After a series of terror threats and acts of vandalism, Rome authorities are considering proposals to create a video-monitored buffer zone around its most iconic monument: the Colosseum.
The Colosseum, or Flavian Amphitheater, was completed in the year 80 AD and in its nearly 2,000-year history has survived barbarian invasions, onslaughts and earthquakes. A series of recent events, however, have led authorities to consider stepping up its security.
Last August, police set up a high-security zone around the Colosseum, after the Islamic State issued a new threat to “conquer” Rome in a propaganda video.
New entrance gates were installed around the Colosseum to enable better surveillance and control by law enforcement, a move that was repeated around Saint Peter’s Basilica and the Vatican Museums, two other likely terrorist targets.

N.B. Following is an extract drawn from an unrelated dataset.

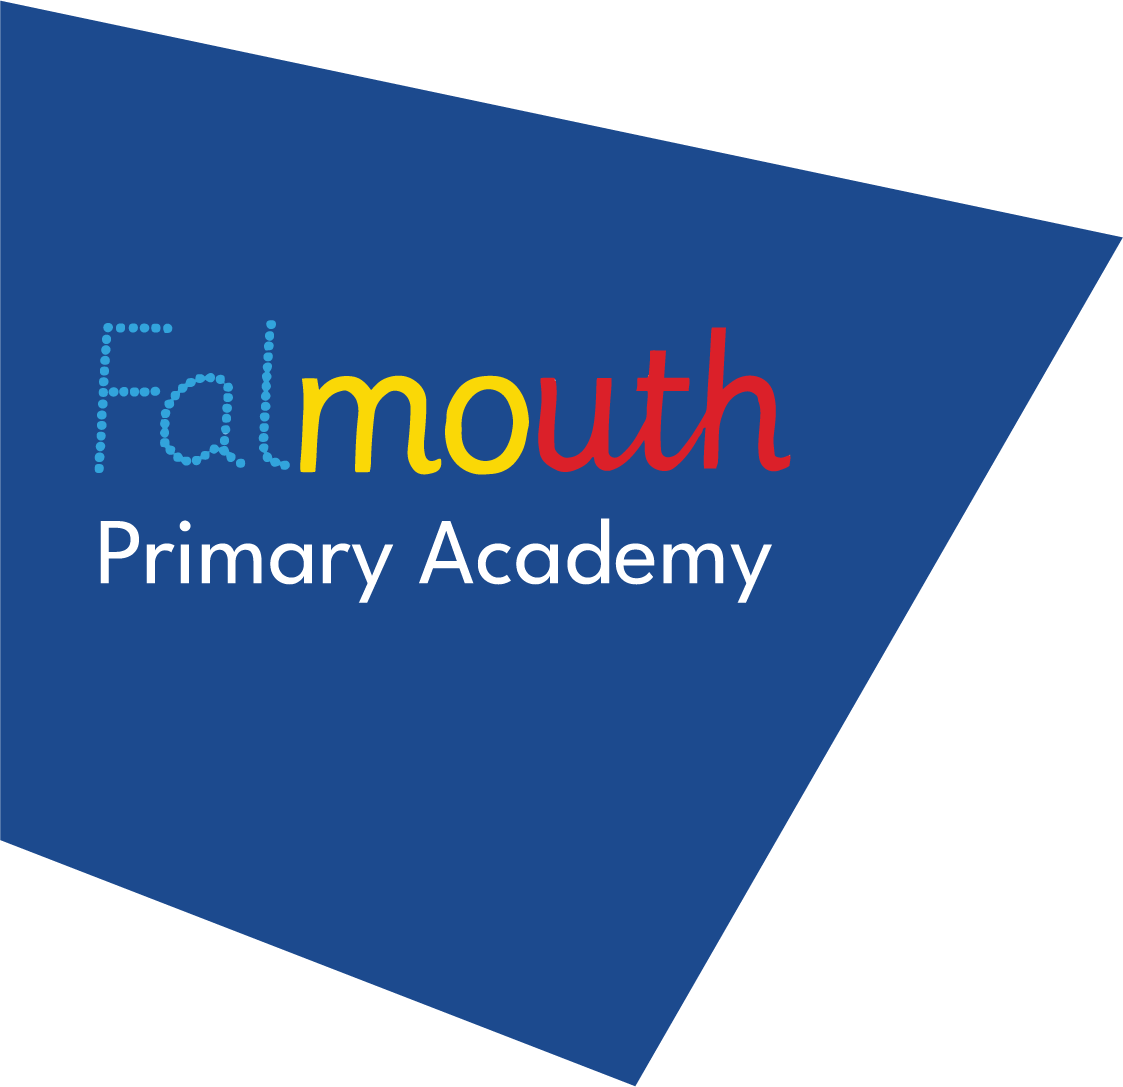 Falmouth Primary Academy logo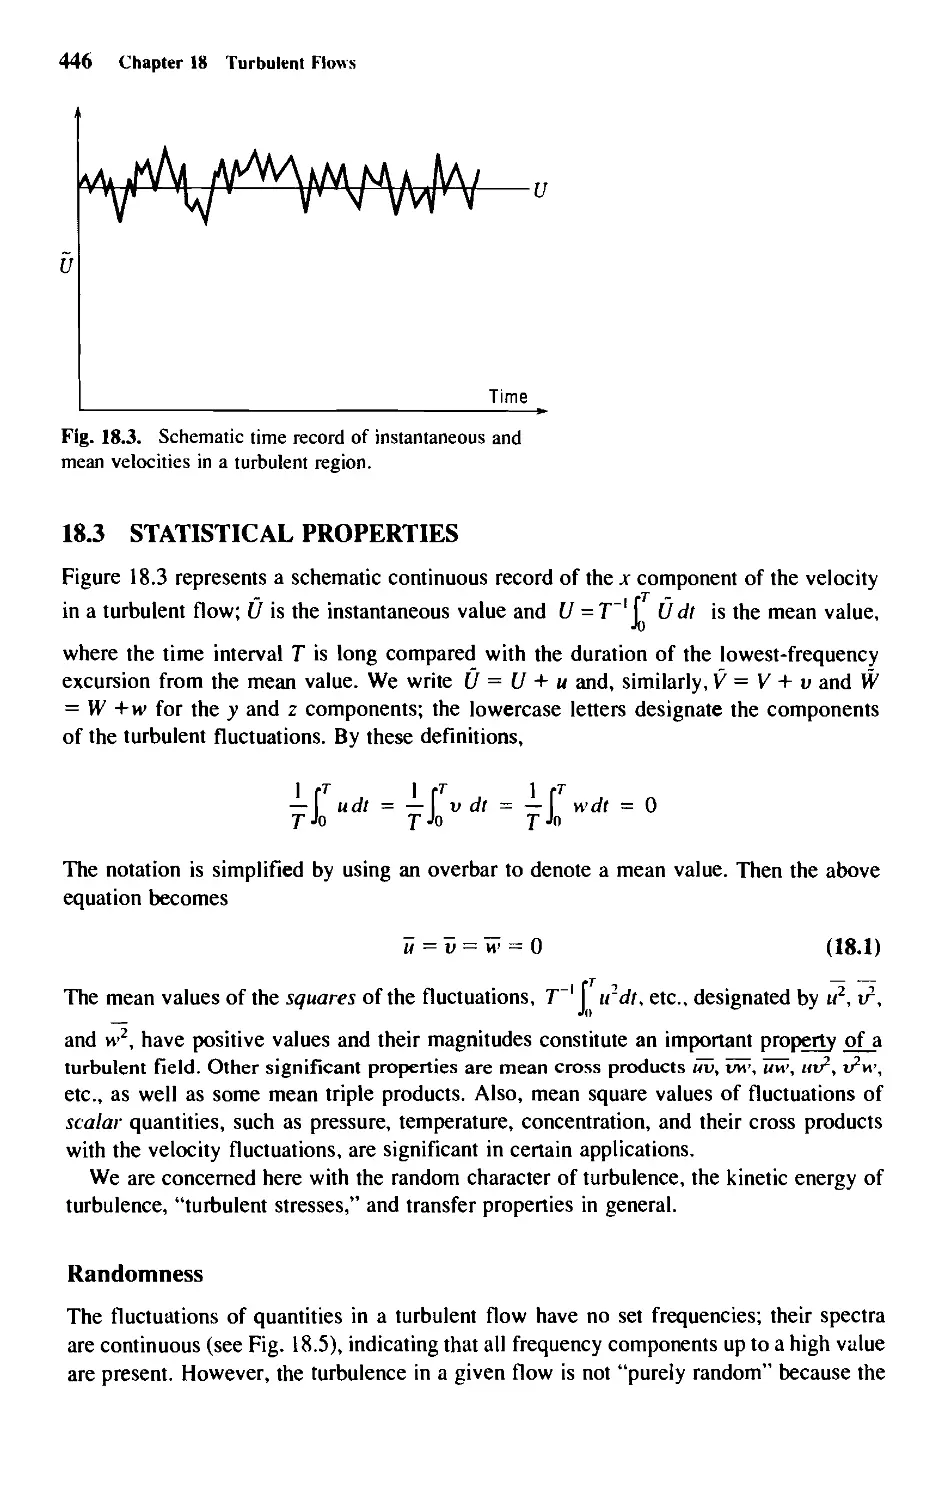 18.3 - Statistical Properties

In October, thousands of Muslims gathered outside the Colosseum to protest the closures of a number of “garage mosques,” a measure aimed at keeping young people becoming radicalized, authorities said.
During the demonstration, an imam led the group in chanting “Allahu Akbar,” as they prostrated themselves on the ground.
The next security measure would involve creating a no-go zone monitored by surveillance cameras, which would be active day and night, officials said.
“We are considering the idea of creating a no-access zone, a red zone,” said Francesco Prosperetti, the special superintendent for the Colosseum and the Roman Forum.
The chained-off area would have a radius of 50 feet under permanent surveillance of CCTV cameras.
“Our idea is to create a ring-shaped area during closure time safeguarded by an anti-intrusion system,” Prosperetti said. “The trouble is finding a way to distinguish between animal and human intrusion, otherwise you’ll have a cat triggering the alarm.”
The new discussion follows on an incident Monday when two Brazilian men attempted to climb over a gate to access the Colosseum. The men, who apparently were inebriated, lost their balance and fell some 13 feet down. One of the men escaped without injuries, but the other fractured his hipbone.
In a possibly unrelated event, on Monday afternoon two words—“Balto” and “Morte”—were found spray-painted on a Colosseum pillar.
The Colosseum recently underwent a massive, $7.2 million restoration, leaving the structure gleaming white and more imposing than ever under the Italian sun.
This first stage in the restoration process involved extensive cleaning to remove decades of grimy buildup that had left the ancient arena looking tired and neglected.
“It’s a beautiful day for Rome, the Colosseum and Italy,” said Italian Minister of Culture Dario Franceschini last July, at the conclusion of the three-year project.